(Your goal)
Return exactly the lines below, starting with the one that has "CASIO Men's HDA600B-1BV" and going on through the one that has "Khaki contour fit".

(Task data)
····················
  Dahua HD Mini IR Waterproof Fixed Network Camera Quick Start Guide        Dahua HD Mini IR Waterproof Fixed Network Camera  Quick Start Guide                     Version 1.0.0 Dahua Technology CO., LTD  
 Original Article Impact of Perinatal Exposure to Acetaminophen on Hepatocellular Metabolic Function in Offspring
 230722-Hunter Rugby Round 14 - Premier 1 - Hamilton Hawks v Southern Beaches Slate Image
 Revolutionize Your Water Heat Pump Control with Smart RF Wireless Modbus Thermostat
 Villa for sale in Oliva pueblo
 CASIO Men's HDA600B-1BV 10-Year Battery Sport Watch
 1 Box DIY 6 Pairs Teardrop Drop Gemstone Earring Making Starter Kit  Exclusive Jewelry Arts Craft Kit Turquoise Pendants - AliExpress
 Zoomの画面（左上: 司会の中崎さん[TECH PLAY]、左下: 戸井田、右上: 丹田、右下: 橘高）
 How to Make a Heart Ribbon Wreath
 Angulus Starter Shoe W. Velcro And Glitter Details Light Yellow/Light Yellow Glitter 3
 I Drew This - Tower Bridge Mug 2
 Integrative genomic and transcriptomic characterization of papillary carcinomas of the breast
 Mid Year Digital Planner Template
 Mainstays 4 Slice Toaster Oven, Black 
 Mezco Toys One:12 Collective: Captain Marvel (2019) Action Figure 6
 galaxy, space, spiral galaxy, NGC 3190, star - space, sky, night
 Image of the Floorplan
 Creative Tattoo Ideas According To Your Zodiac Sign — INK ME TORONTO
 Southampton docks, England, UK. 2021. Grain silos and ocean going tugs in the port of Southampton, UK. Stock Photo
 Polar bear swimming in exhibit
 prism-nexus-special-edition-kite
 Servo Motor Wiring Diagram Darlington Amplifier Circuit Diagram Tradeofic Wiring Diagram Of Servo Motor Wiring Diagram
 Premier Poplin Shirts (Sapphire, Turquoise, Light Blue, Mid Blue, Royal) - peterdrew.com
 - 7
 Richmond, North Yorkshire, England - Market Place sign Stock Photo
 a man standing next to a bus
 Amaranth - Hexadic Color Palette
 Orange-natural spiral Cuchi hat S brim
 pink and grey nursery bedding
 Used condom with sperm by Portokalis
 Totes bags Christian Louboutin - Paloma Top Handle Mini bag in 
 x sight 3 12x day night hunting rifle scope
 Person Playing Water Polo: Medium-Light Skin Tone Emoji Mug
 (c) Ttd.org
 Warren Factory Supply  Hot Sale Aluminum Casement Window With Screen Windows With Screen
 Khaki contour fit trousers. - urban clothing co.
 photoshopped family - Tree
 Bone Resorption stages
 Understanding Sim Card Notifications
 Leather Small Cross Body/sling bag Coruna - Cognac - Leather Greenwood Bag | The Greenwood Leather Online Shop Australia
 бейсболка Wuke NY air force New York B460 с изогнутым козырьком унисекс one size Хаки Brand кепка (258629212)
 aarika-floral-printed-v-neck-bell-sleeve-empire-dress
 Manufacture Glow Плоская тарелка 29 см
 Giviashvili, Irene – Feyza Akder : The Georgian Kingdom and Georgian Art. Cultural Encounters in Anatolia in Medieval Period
····················
(Solution to the exercise)
 CASIO Men's HDA600B-1BV 10-Year Battery Sport Watch
 1 Box DIY 6 Pairs Teardrop Drop Gemstone Earring Making Starter Kit  Exclusive Jewelry Arts Craft Kit Turquoise Pendants - AliExpress
 Zoomの画面（左上: 司会の中崎さん[TECH PLAY]、左下: 戸井田、右上: 丹田、右下: 橘高）
 How to Make a Heart Ribbon Wreath
 Angulus Starter Shoe W. Velcro And Glitter Details Light Yellow/Light Yellow Glitter 3
 I Drew This - Tower Bridge Mug 2
 Integrative genomic and transcriptomic characterization of papillary carcinomas of the breast
 Mid Year Digital Planner Template
 Mainstays 4 Slice Toaster Oven, Black 
 Mezco Toys One:12 Collective: Captain Marvel (2019) Action Figure 6
 galaxy, space, spiral galaxy, NGC 3190, star - space, sky, night
 Image of the Floorplan
 Creative Tattoo Ideas According To Your Zodiac Sign — INK ME TORONTO
 Southampton docks, England, UK. 2021. Grain silos and ocean going tugs in the port of Southampton, UK. Stock Photo
 Polar bear swimming in exhibit
 prism-nexus-special-edition-kite
 Servo Motor Wiring Diagram Darlington Amplifier Circuit Diagram Tradeofic Wiring Diagram Of Servo Motor Wiring Diagram
 Premier Poplin Shirts (Sapphire, Turquoise, Light Blue, Mid Blue, Royal) - peterdrew.com
 - 7
 Richmond, North Yorkshire, England - Market Place sign Stock Photo
 a man standing next to a bus
 Amaranth - Hexadic Color Palette
 Orange-natural spiral Cuchi hat S brim
 pink and grey nursery bedding
 Used condom with sperm by Portokalis
 Totes bags Christian Louboutin - Paloma Top Handle Mini bag in 
 x sight 3 12x day night hunting rifle scope
 Person Playing Water Polo: Medium-Light Skin Tone Emoji Mug
 (c) Ttd.org
 Warren Factory Supply  Hot Sale Aluminum Casement Window With Screen Windows With Screen
 Khaki contour fit trousers. - urban clothing co.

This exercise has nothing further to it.